Chodorkowski Michail: Wie man einen Drachen tötet
Handbuch für angehende Revolutionäre. Aus dem russischen von Olaf Kühl.
Erschienen im Europa-Verlag, Februar 2023
- Auch wenn die Revolution nicht notwendiger Weise gewaltsam verlaufen muss, so müssen die Revolutionäre bereit zur Gewaltanwendung sein.
- Auch wenn die Revolutionäre die "Musterschüler" des alten Regimes beseitigen müssen (Lustration), so werden die neuen Herrscher mit großen Teilen des bestehenden Apparates weiter arbeiten müssen.
- Auch wenn die Revolutionäre die Macht in der Zentrale übernehmen und absichern müssen, so kann die Revolution nur durch konsequente Dezentralisierung und Einführung des Föderalismus gelingen.

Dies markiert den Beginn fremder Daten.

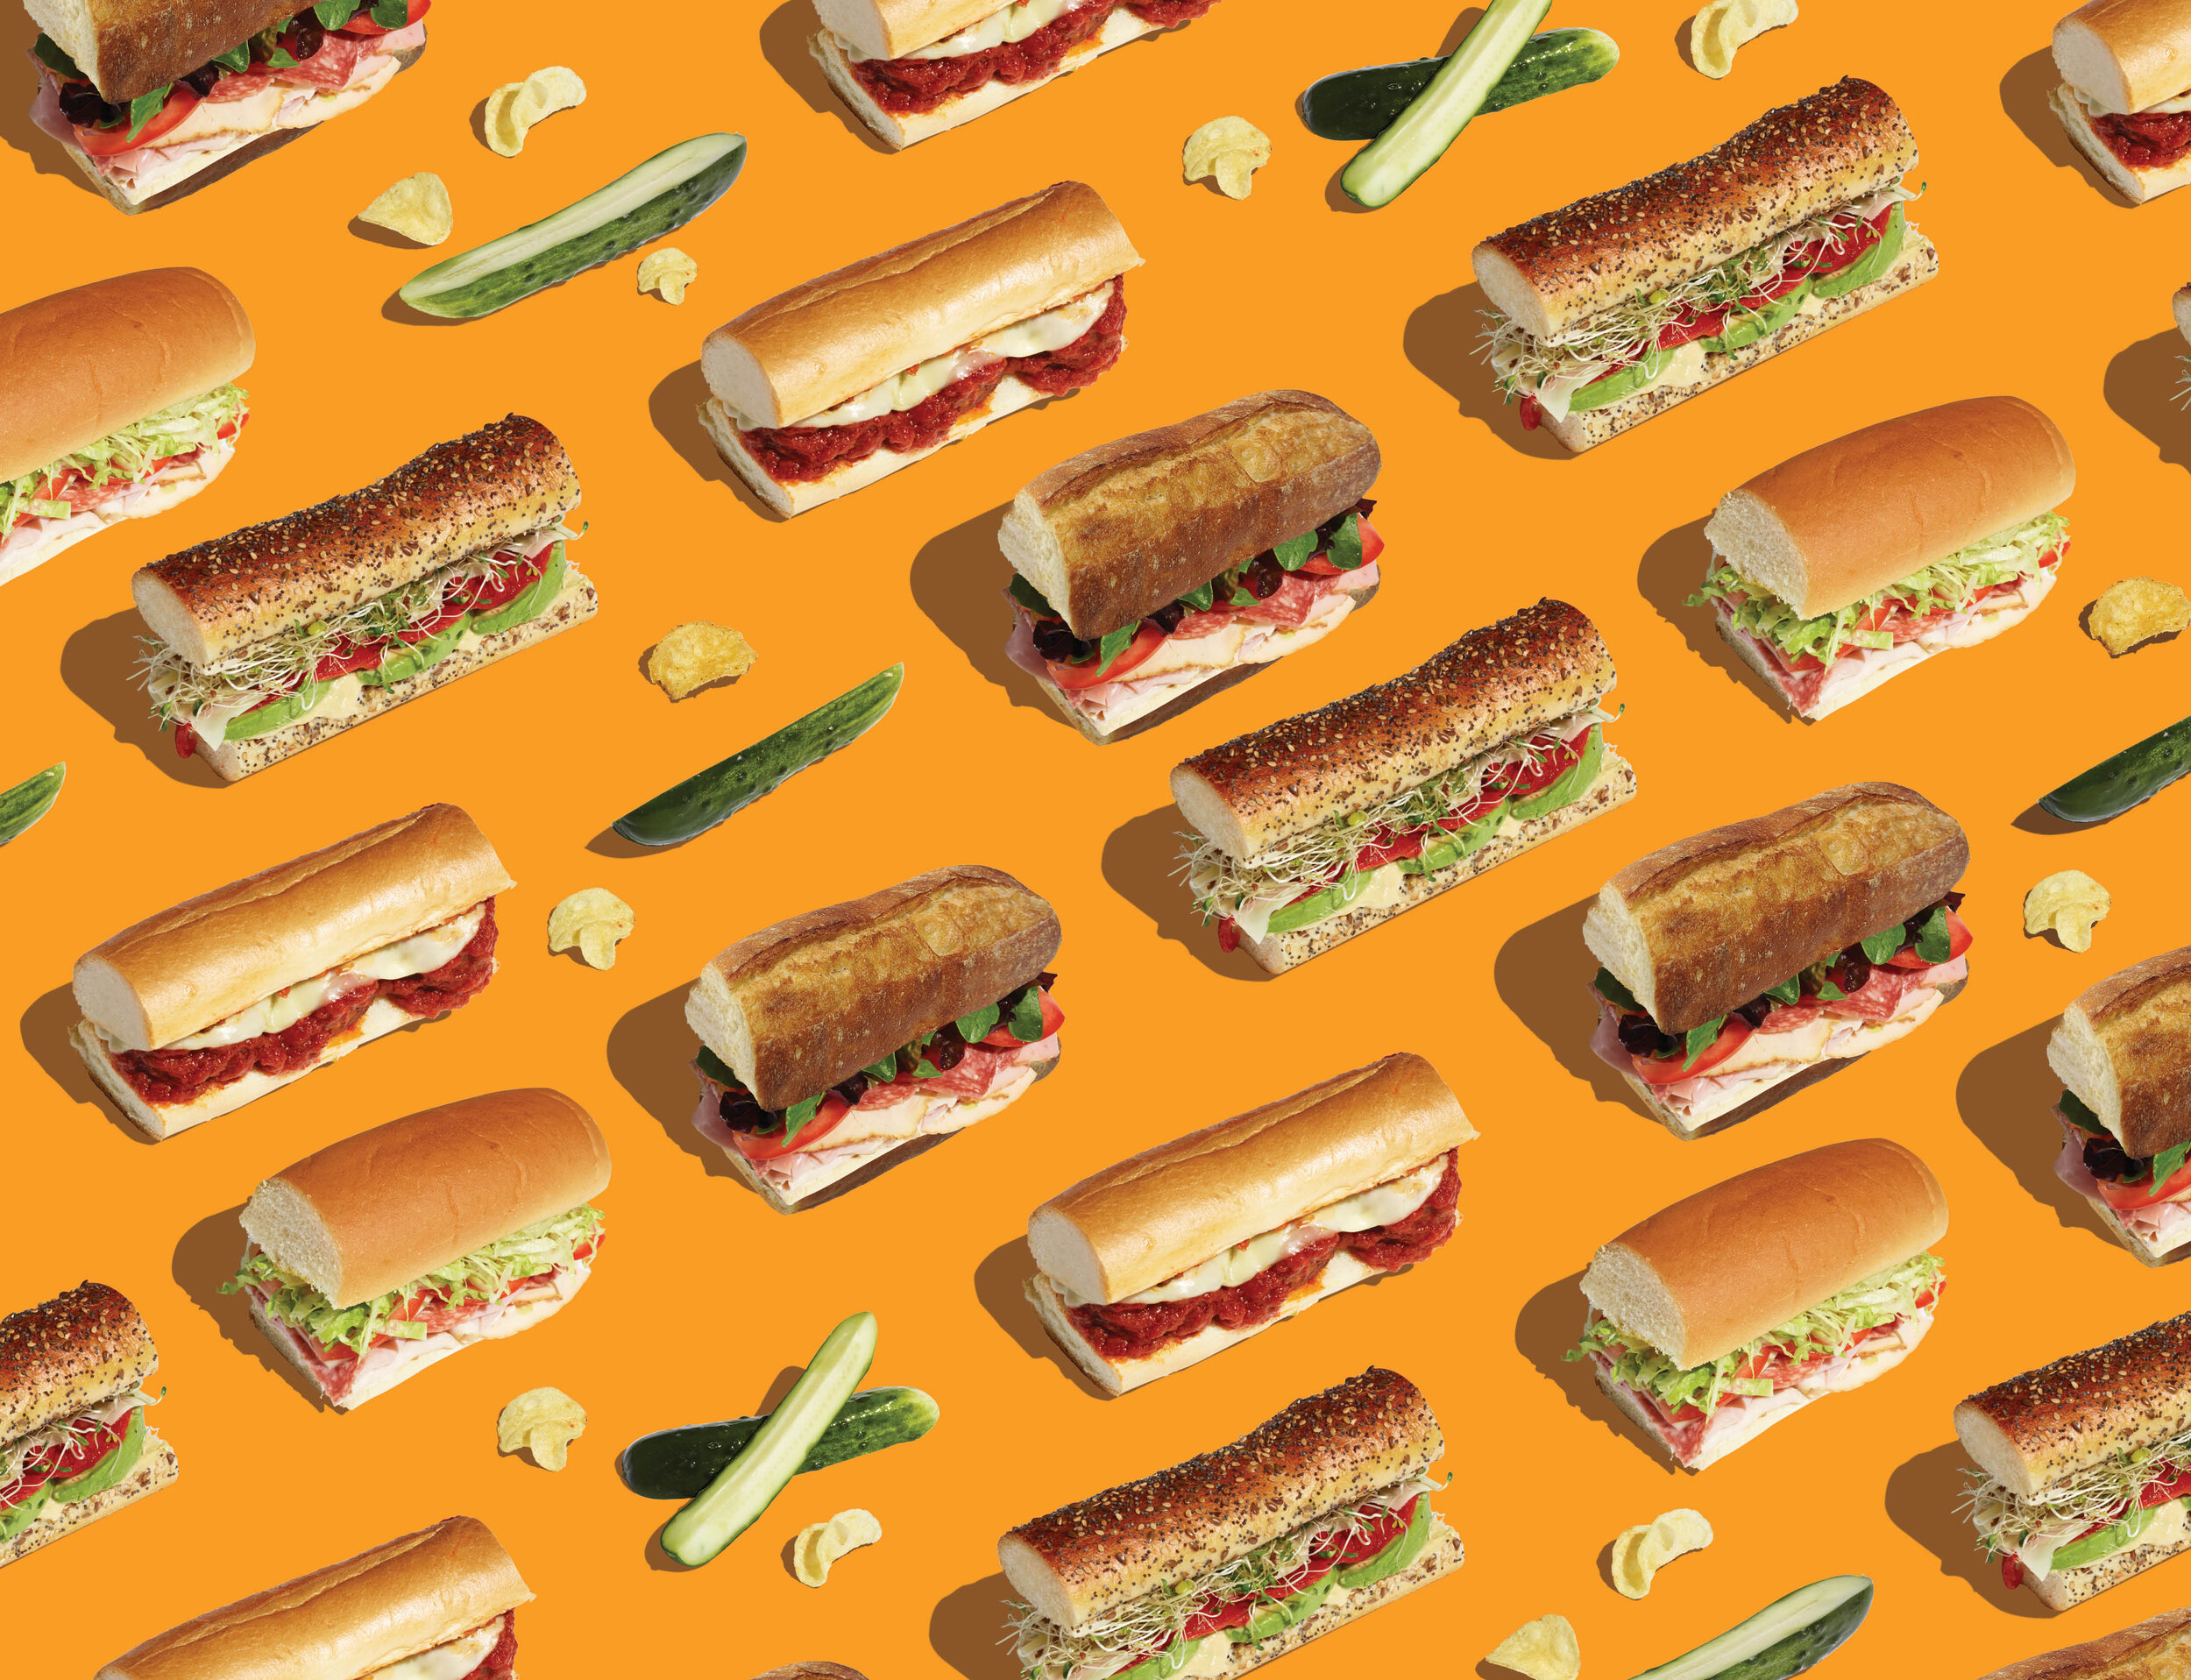 Sandwich_Grubhub_BG.jpg
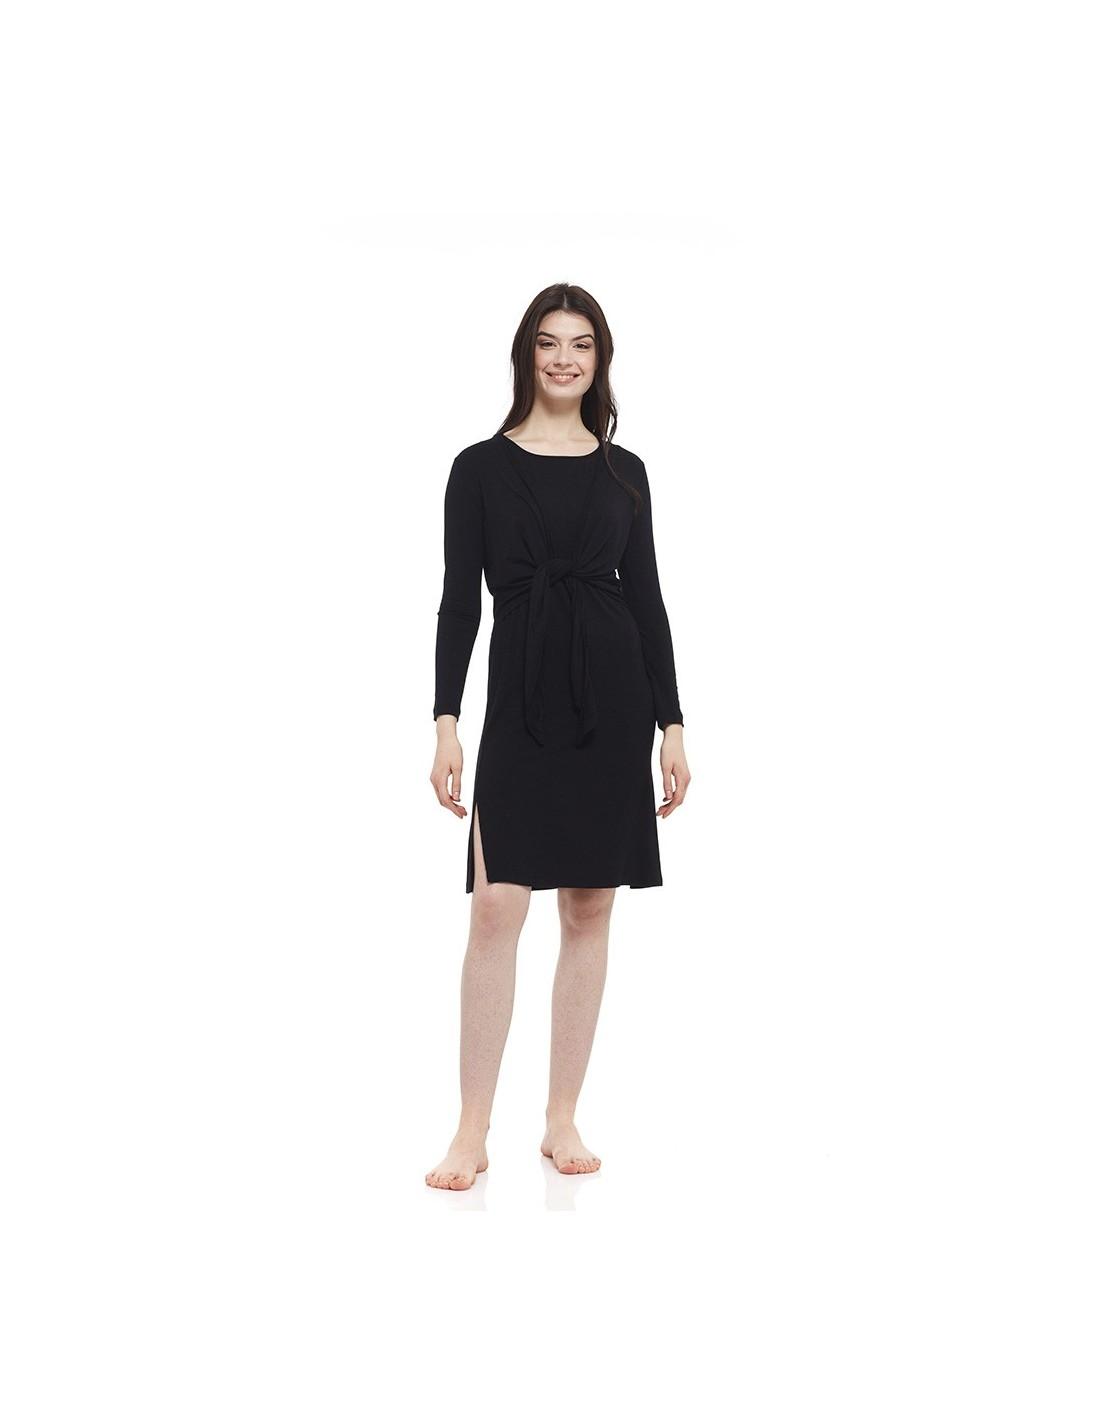 Bamboo Sleeveless Dress In Bamboo Yogaessential Made

Das sind die wichtigsten Grundthesen von Chodorkowski, der Putin und das System des Putinismus besser kennt, als alle Russlandexperten des Westens zusammen genommen. Chodorkowski, geboren 1963, hat als junger Komsomolze (Nachwuchskader der KPSdU) Persestrojka nicht nur mit erlebt sondern als einer der ersten Privatunternehmer mit gestaltet. Bereits 1990 gründete er seine Privatbank, gelangte bald in den Beraterstab von Jelzin wurde Vizeminister für Energie und konnte sich aus dieser Gemengelage 1995/96 über 45 Prozent des Mineralölkonzerns Jukos sichern, der ihn - lange vor Putin - zu einem der reichsten Männer Russlands machte.